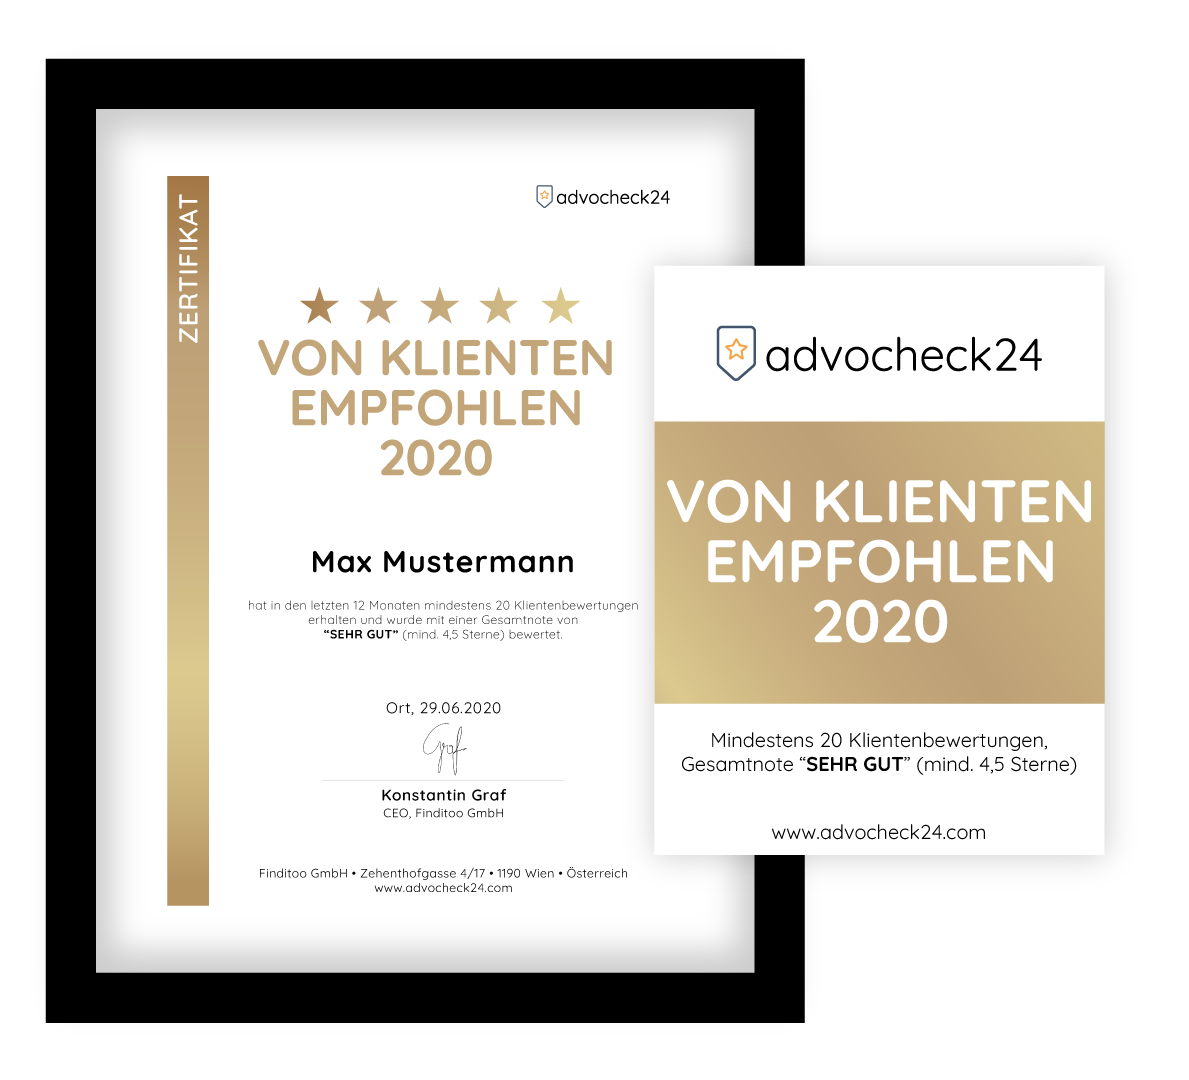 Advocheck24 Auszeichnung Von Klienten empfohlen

* * *

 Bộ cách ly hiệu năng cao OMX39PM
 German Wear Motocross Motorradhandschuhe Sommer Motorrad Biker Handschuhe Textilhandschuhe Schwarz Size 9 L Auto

**Your assignment:** Only the lines above starting at the line that holds "Bộ cách ly hiệu năng cao OMX39PM" and ending at the line that holds "German Wear Motocross" are to be repeated, exactly and in full.

**Task solution:**
 Bộ cách ly hiệu năng cao OMX39PM
 German Wear Motocross Motorradhandschuhe Sommer Motorrad Biker Handschuhe Textilhandschuhe Schwarz Size 9 L Auto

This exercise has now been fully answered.